> Work instruction: Transcribe the data as written, minus images.

> Stored data:
──────
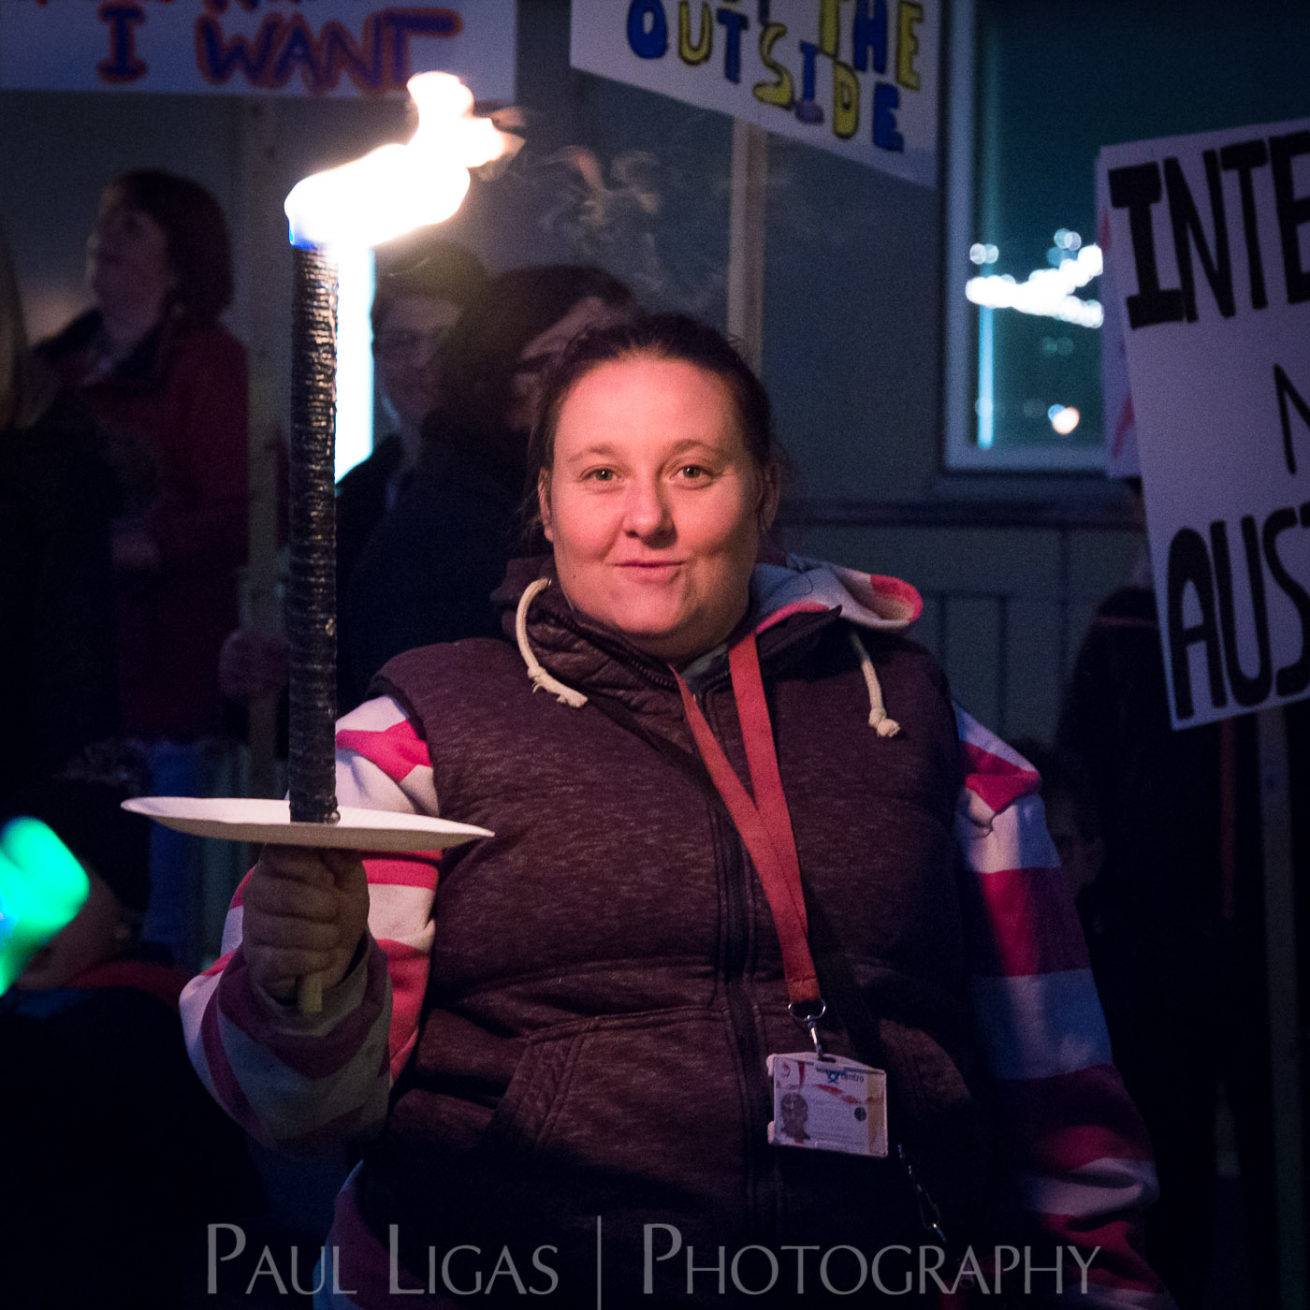 Longbridge Light Festival, Birmingham event photographer herefordshire photography portrait 3936
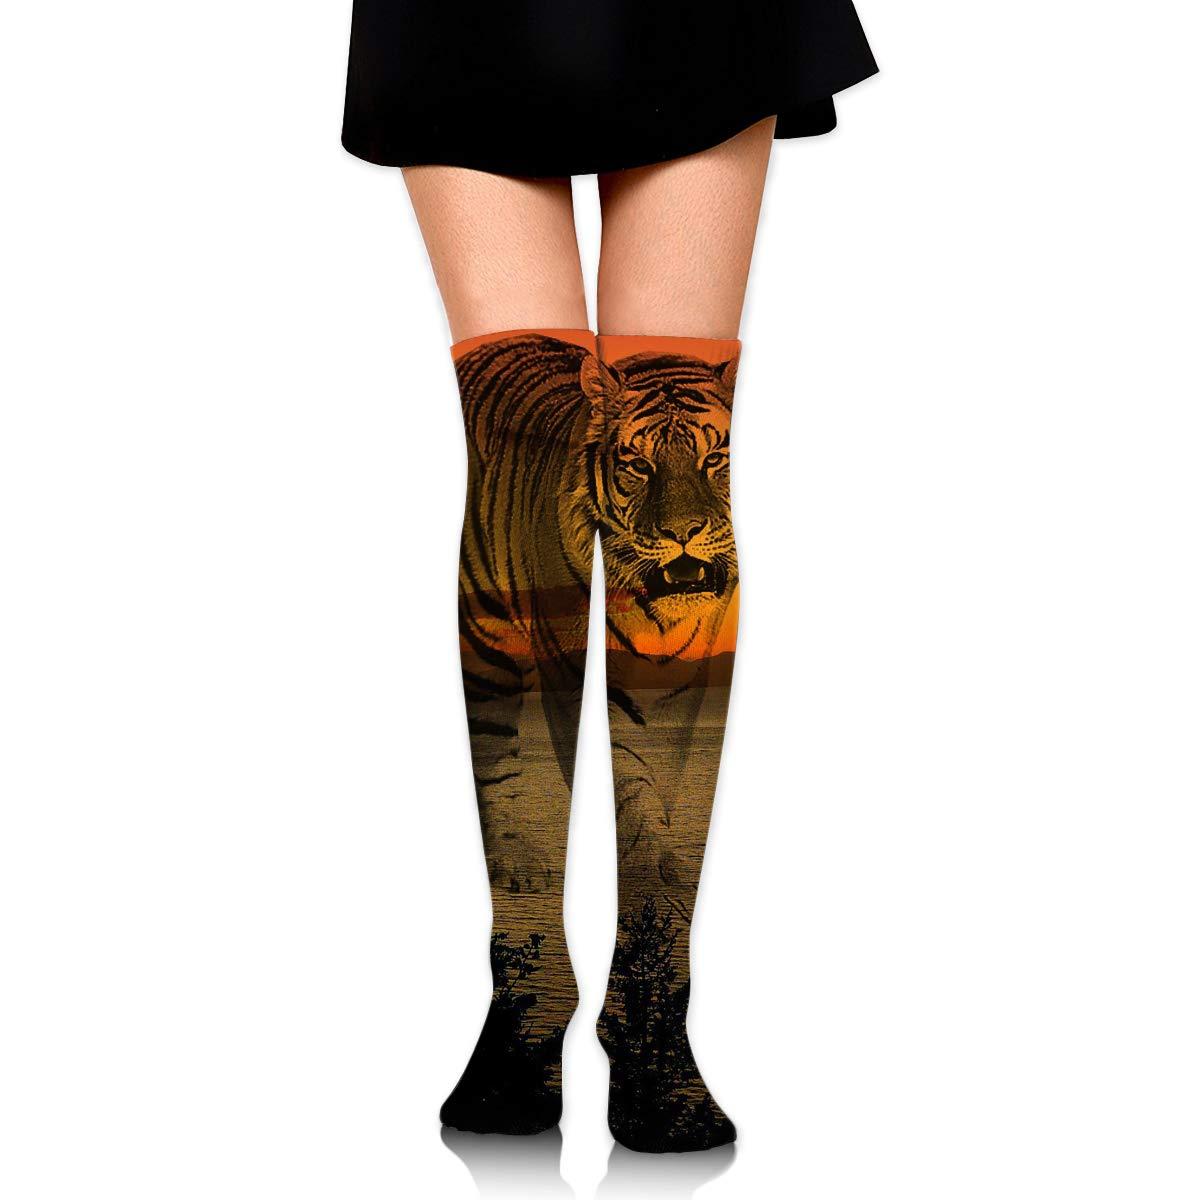 High Elasticity Girl Cotton Knee High Socks Uniform Sunsets Fantasy Lake Tiger Women Tube Socks
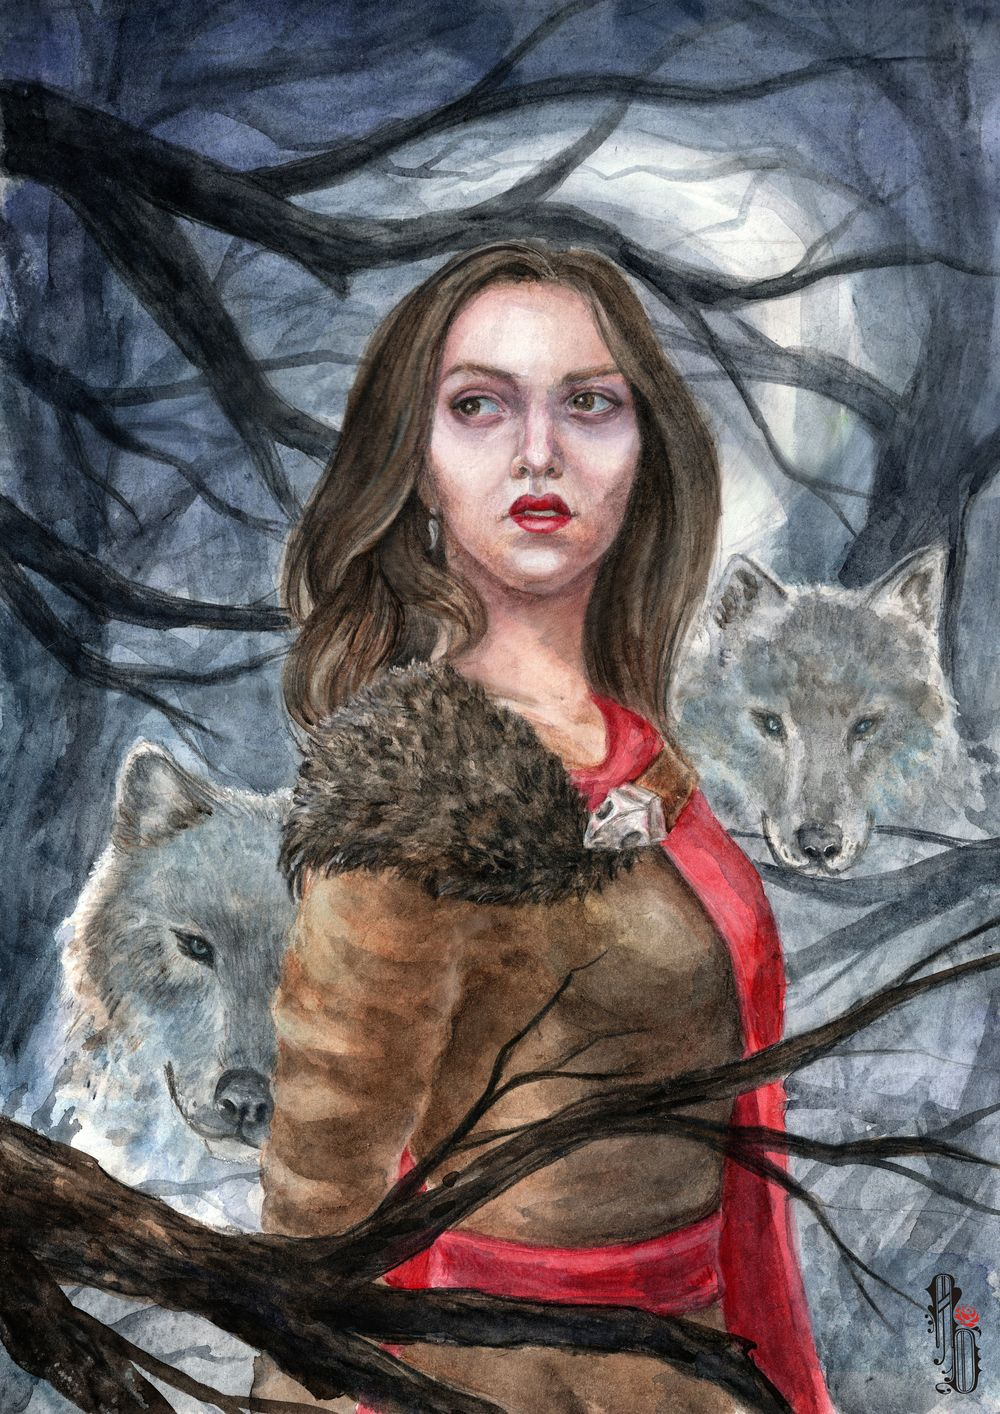 Dark forest story by AlbinaDiamond
──────
> Solution to this problem:
 Longbridge Light Festival, Birmingham event photographer herefordshire photography portrait 3936
 High Elasticity Girl Cotton Knee High Socks Uniform Sunsets Fantasy Lake Tiger Women Tube Socks
 Dark forest story by AlbinaDiamond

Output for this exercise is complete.